● **Exercise**
Without the images, write out the whole listing exactly.

● **Material provided**
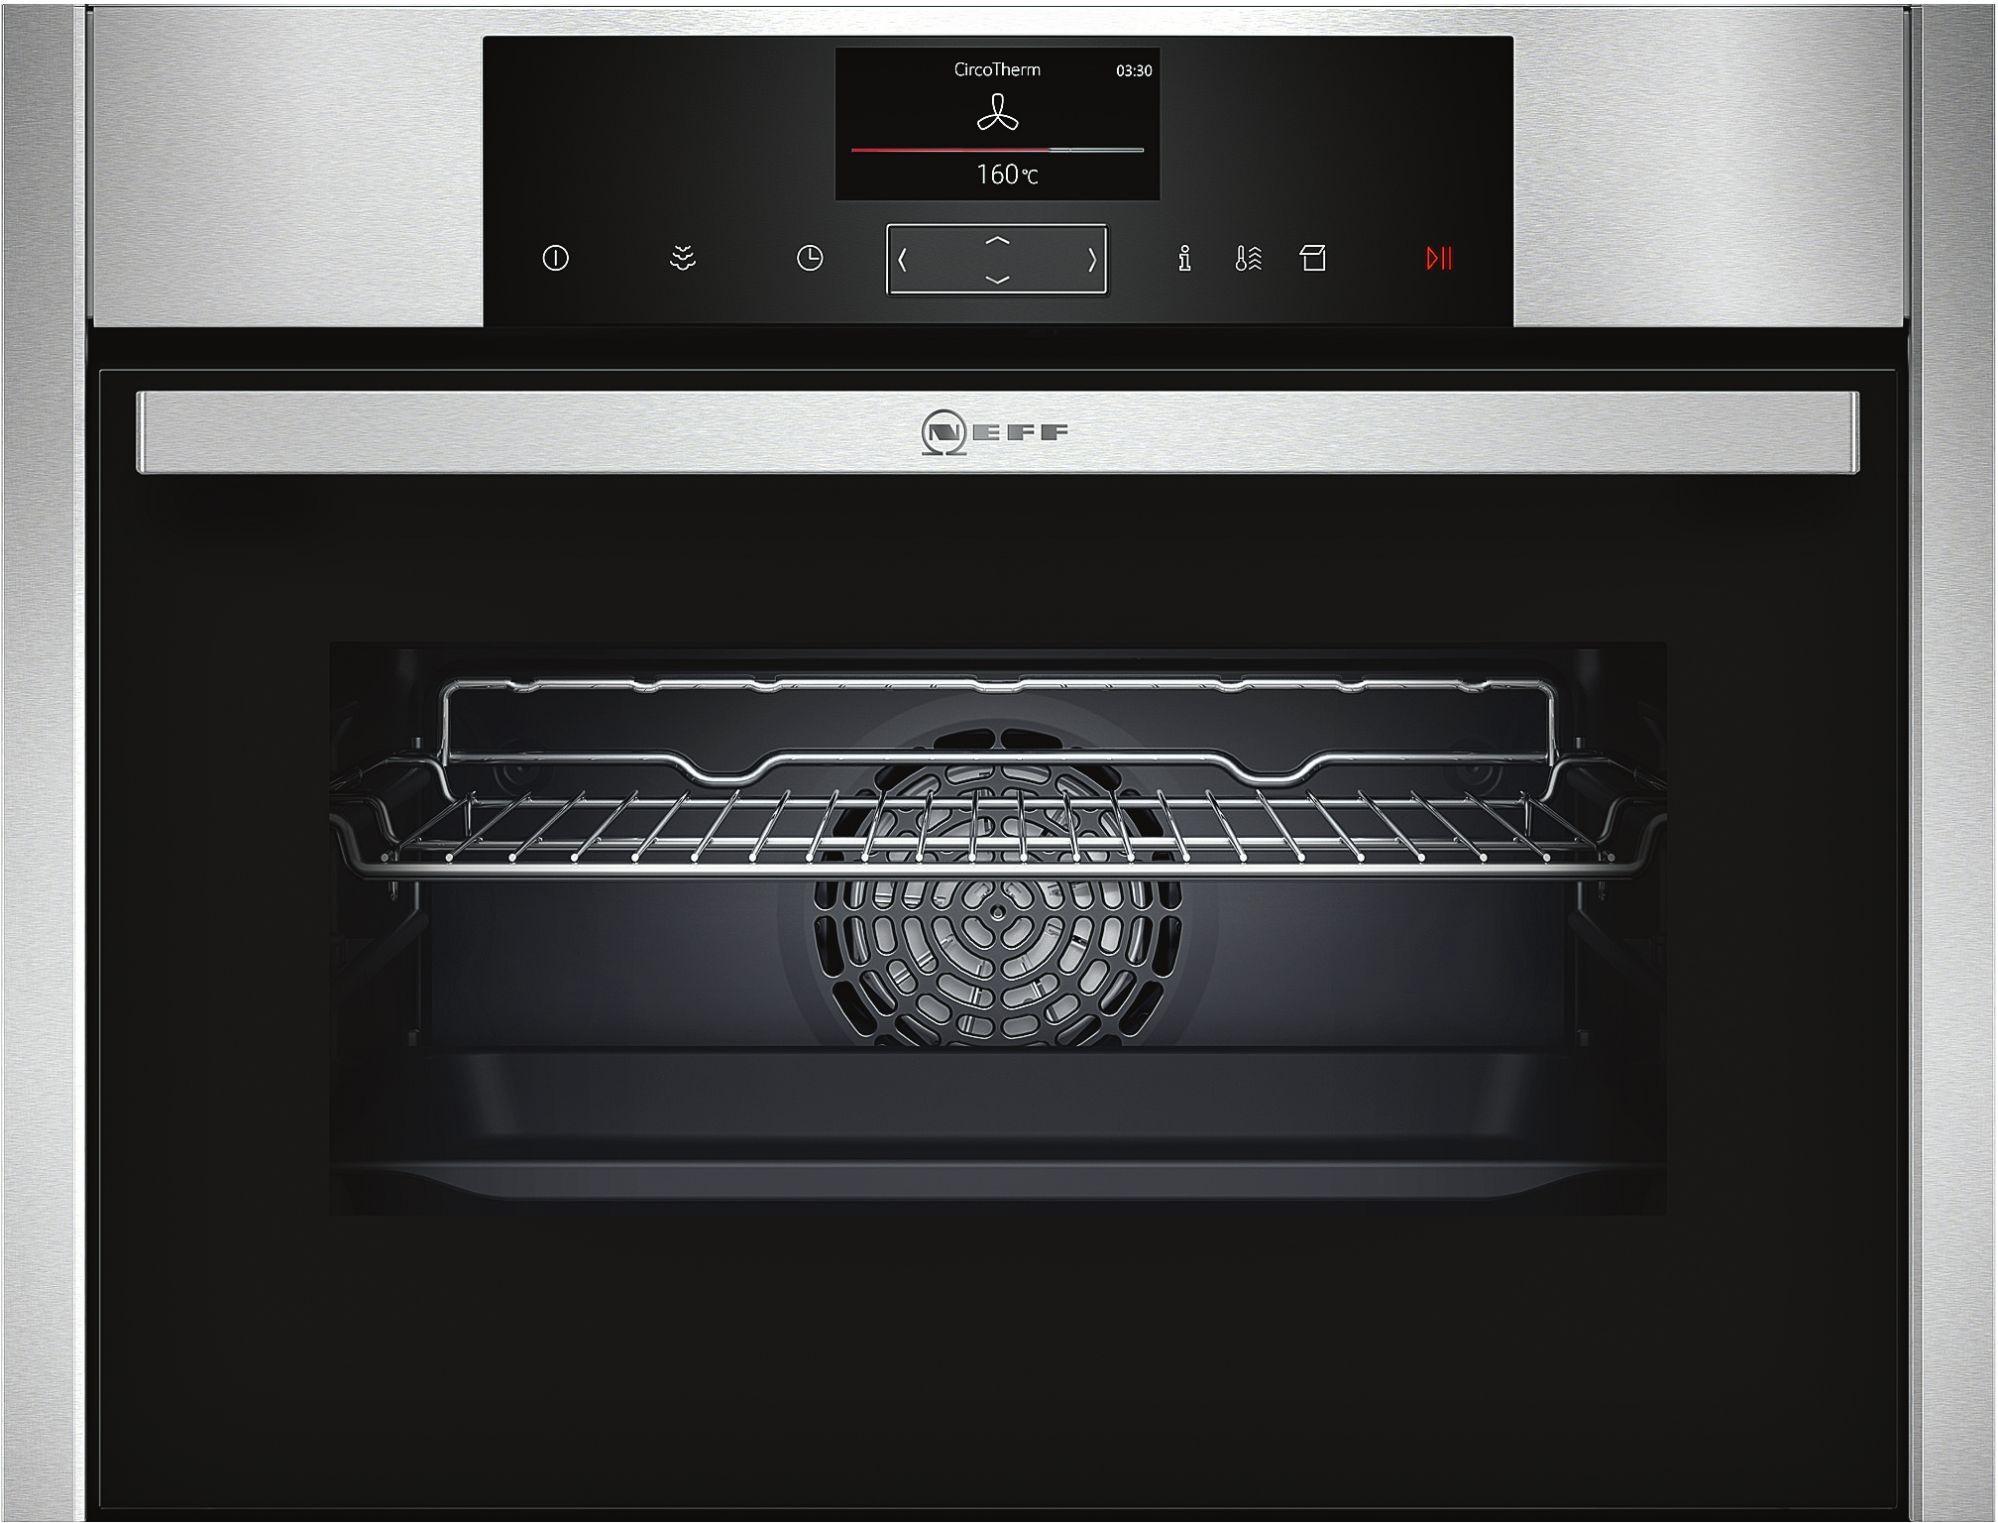 teamsix z13cu11x0 neff zubeh r dampfgarer. Black Bedroom Furniture Sets. Home Design Ideas
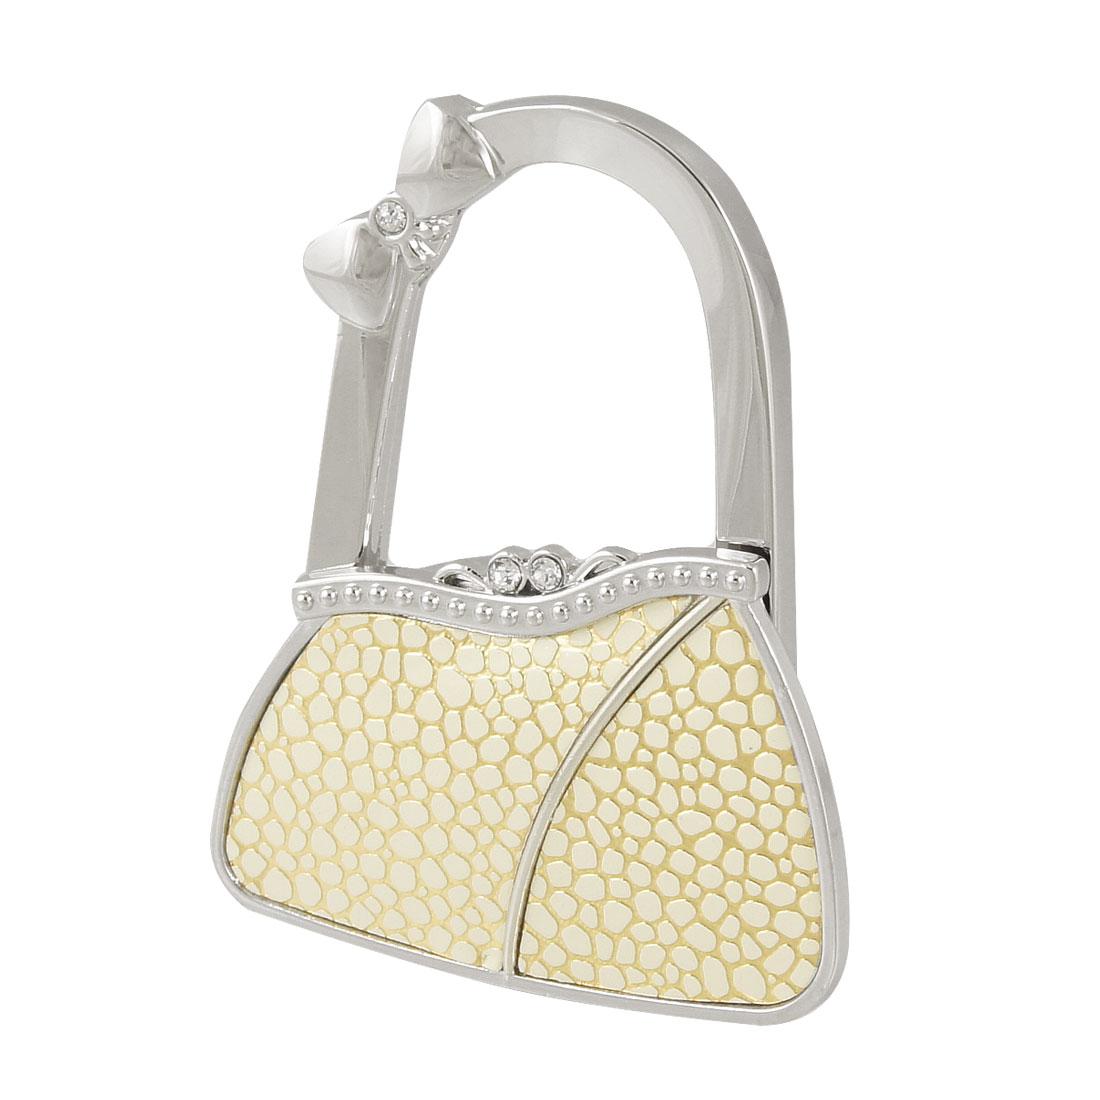 Gold Tone Beige Cobble Prints Metal Bag Shaped Foldable Handbag Hook
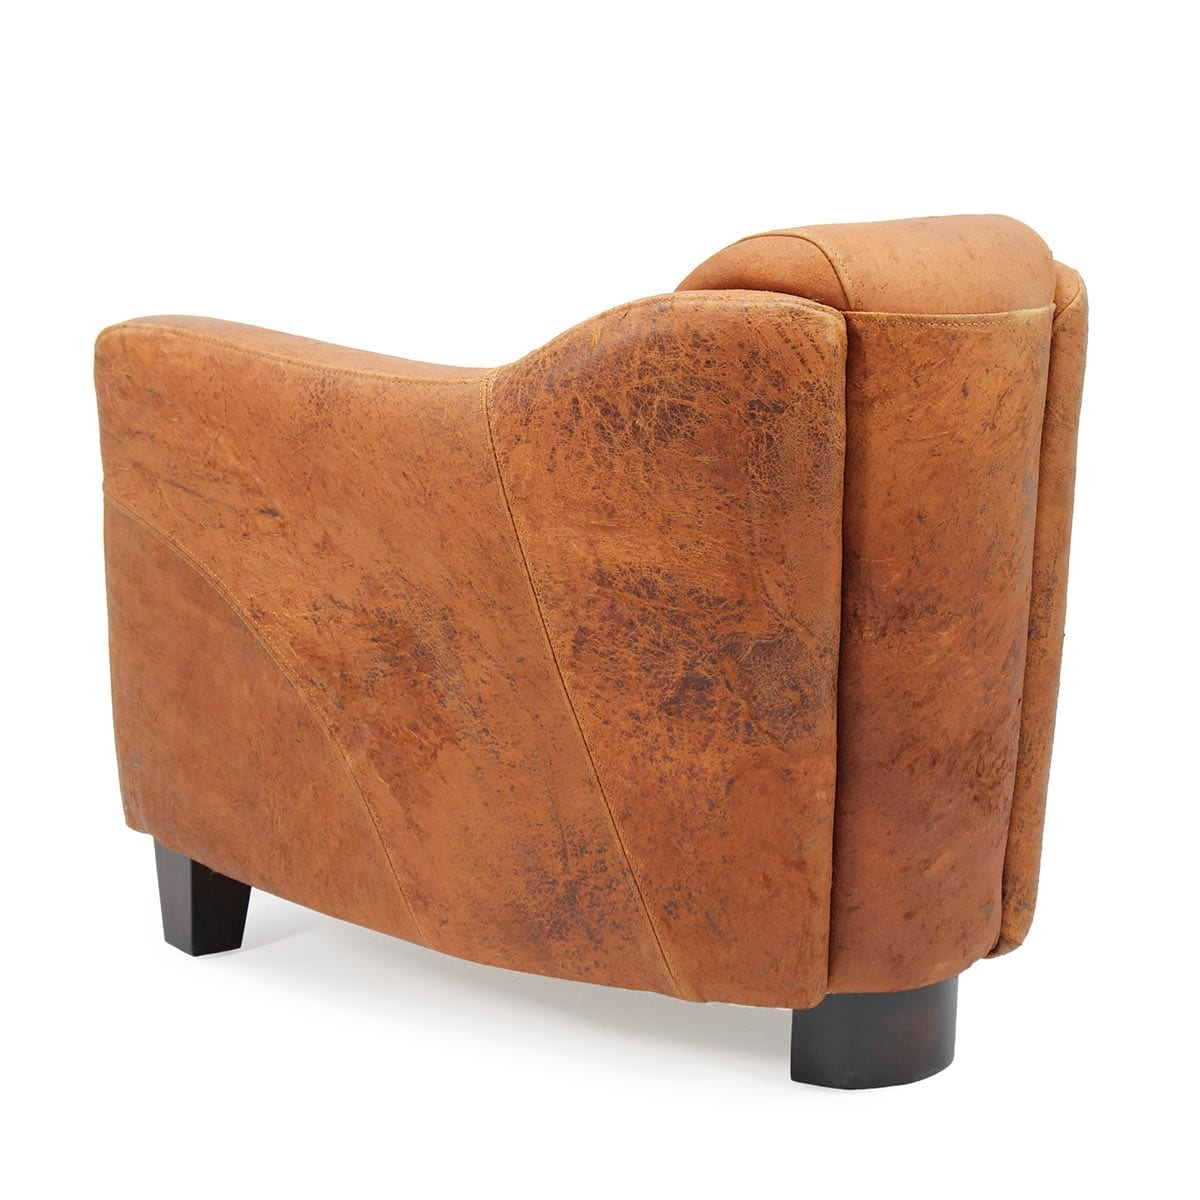 Commercial sofas, armchairs Bugatti in Francisco Segarra.

● **The answer**
 teamsix z13cu11x0 neff zubeh r dampfgarer. Black Bedroom Furniture Sets. Home Design Ideas
 Gold Tone Beige Cobble Prints Metal Bag Shaped Foldable Handbag Hook
 Commercial sofas, armchairs Bugatti in Francisco Segarra.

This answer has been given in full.